Patroling vehicles from the Thula Thula Private Game Reserve's specialist Anti-Poaching Unit on 21 July 2018. Zululand Observer.
In a separate incident a poacher was also arrested in the Kruger National Park on Sunday 22 July, after apparently being chased and trampled by a herd of Elephants. The man became separated from his group and approached a group of tourists, who held him until the police arrived. It is unclear what happened to the rest of his group. This incident came three days after a ranger on the reserve was shot dead by poachers.
Elephants are considered to be threatened across Africa, due to a combination of hunting, principally for the value of their tusks, and habitat loss, with the population across the continent thought to have dropped from 3-5 million in 1900 to about 415 000 today, and about 50% of Elephant-suitable land having disappeared since 1970. In South Africa the population trend has run the other way, with the population having fallen to a low of about 120 individuals in 1920, then risen to about 10 000 today through careful conservation management. However, while the country's extensive system of game reserves and national parks means that Elephants in South Africa face no immediate threat from habitat loss, the high black market value of Elephant ivory, combined with the high number of people living in poverty in the nation, means that Elephants are very much at risk from illegal hunting (poaching),
Elephants and Rhinoceros on the Thula Thula Private Game Reserve in KwaZulu Natal. Thula Thula Private Game Reserve.
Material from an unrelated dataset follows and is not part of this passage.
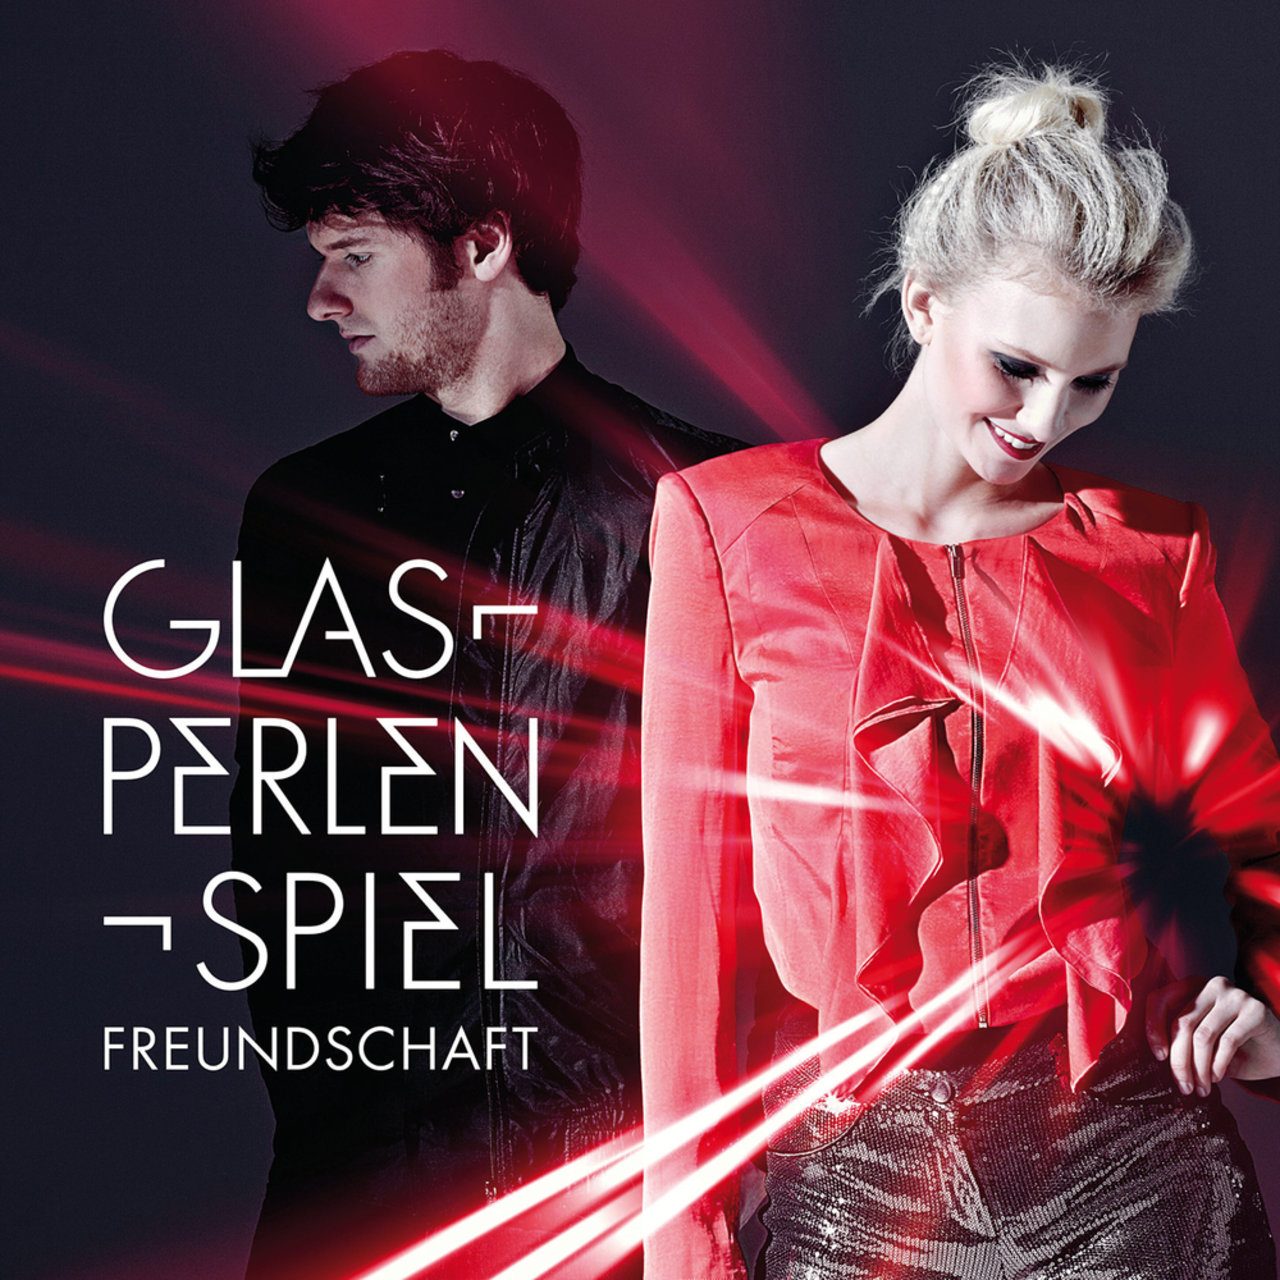 Glasperlenspiel Freundschaft cover artwork

The crime is extremely profitable, and widely believed to be controlled by organised crime syndicates, which are believed to have considerable influence over police and court officials in many areas, which results in suspected poachers often being released before they are brought to trial, often with only nominal bail payments. This has in turn prompted many reserves to develop their own security measures, hiring and training specialist rangers to keep poachers off reserves, occasionally in violent confrontations.